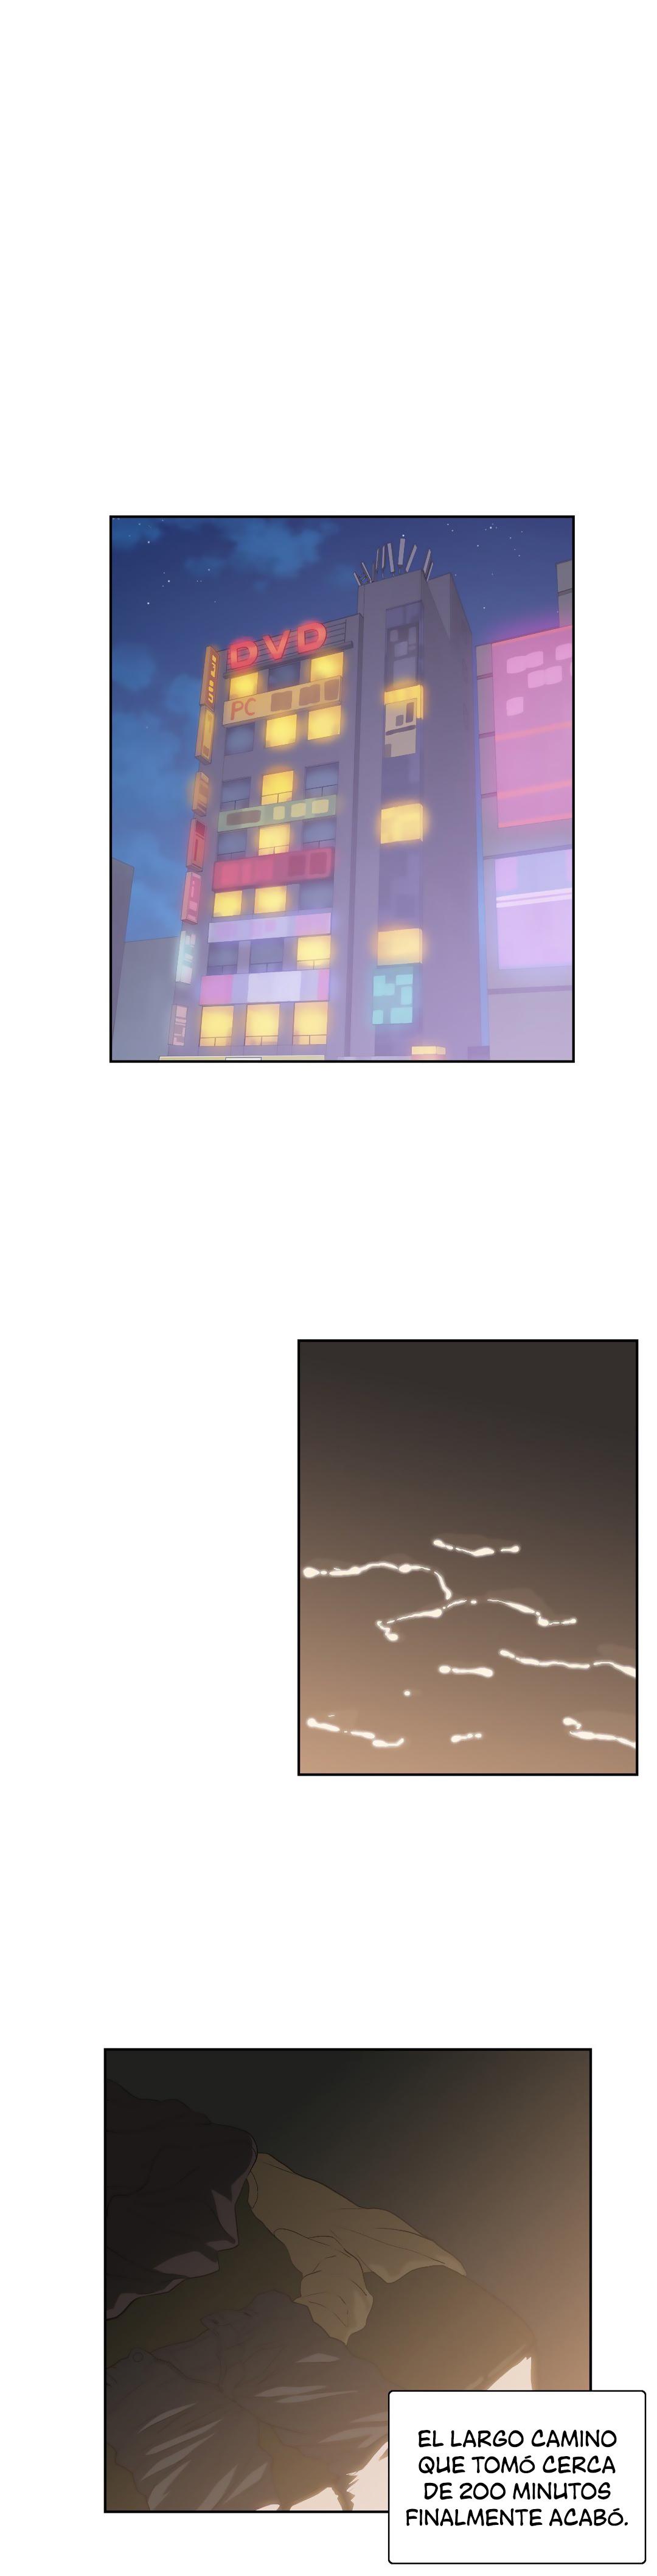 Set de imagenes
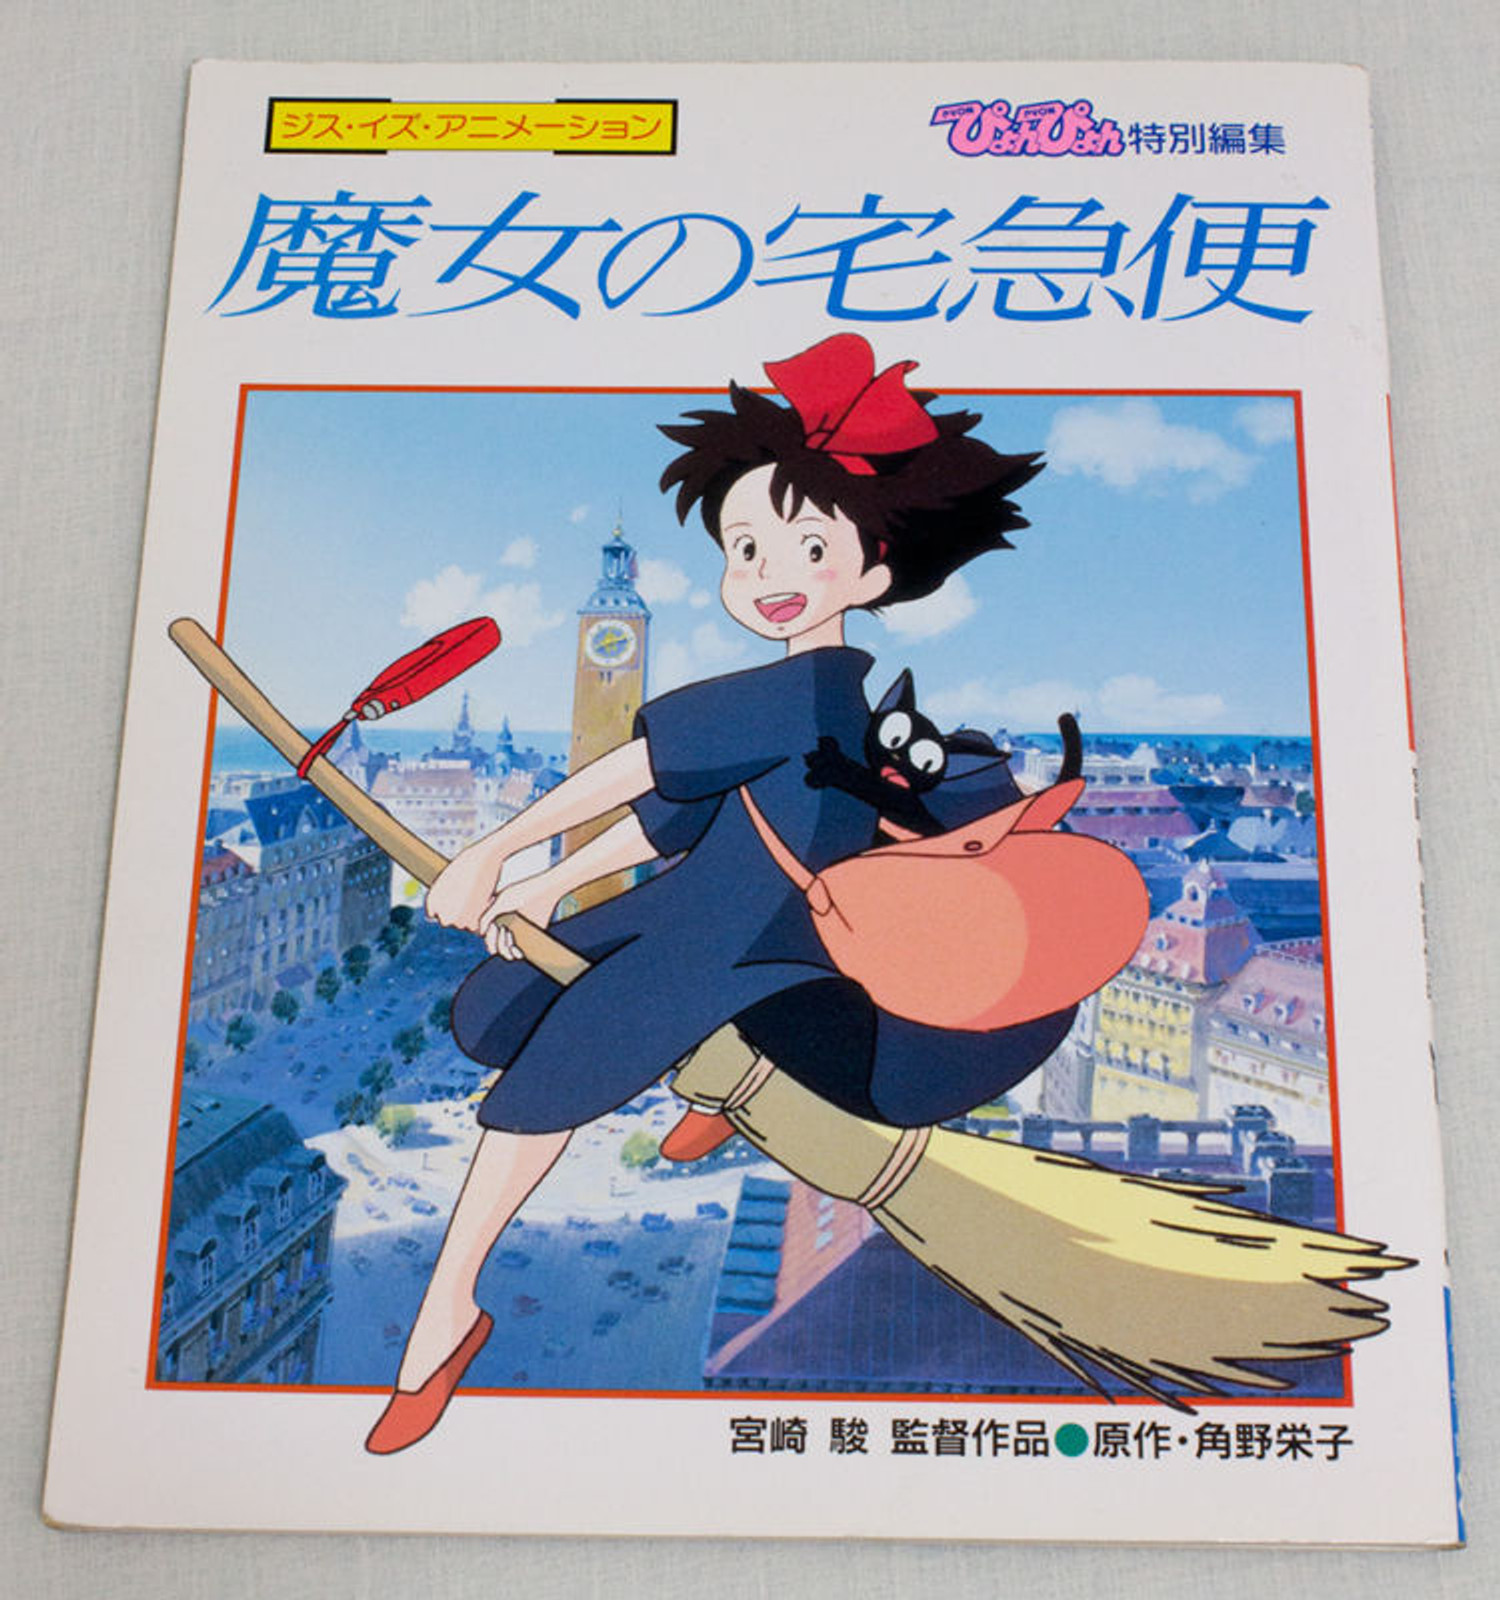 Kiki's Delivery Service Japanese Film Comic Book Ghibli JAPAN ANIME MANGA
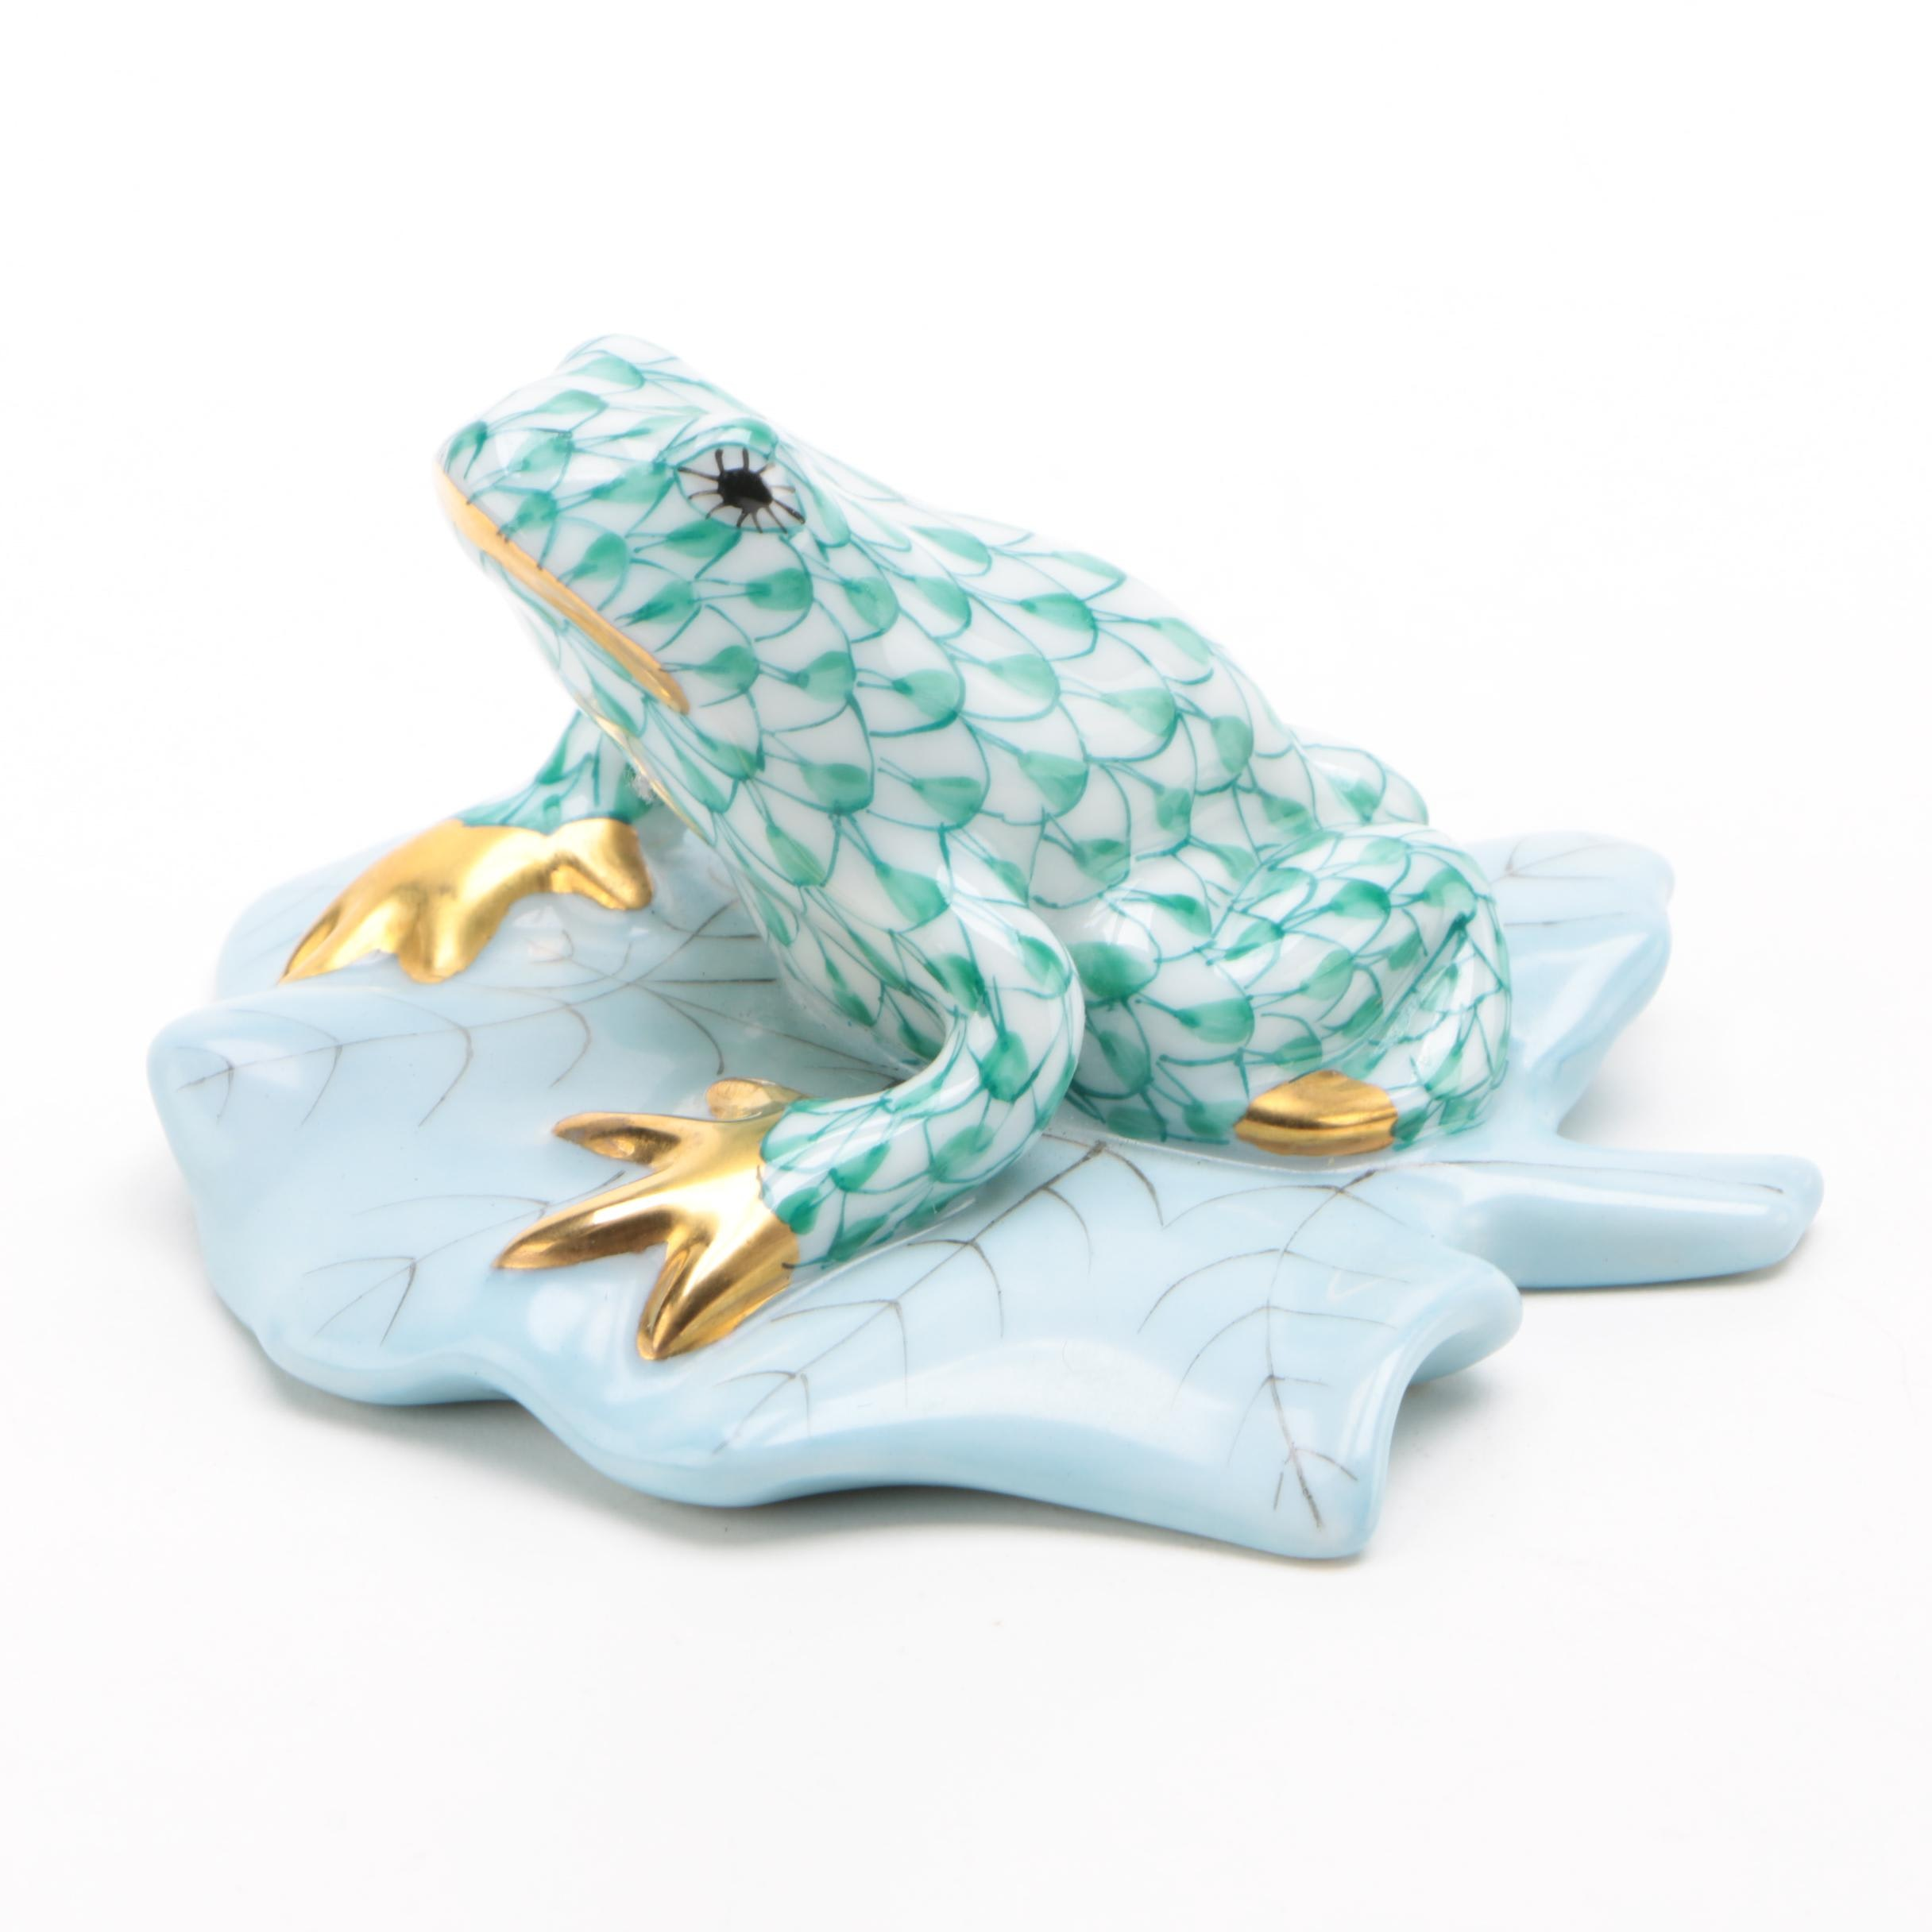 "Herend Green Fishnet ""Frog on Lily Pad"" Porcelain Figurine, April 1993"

**Directions:**
Transcribe the lines above exactly, setting aside any picture among them.

**Your response:**
 Set de imagenes
 Kiki's Delivery Service Japanese Film Comic Book Ghibli JAPAN ANIME MANGA
 "Herend Green Fishnet ""Frog on Lily Pad"" Porcelain Figurine, April 1993"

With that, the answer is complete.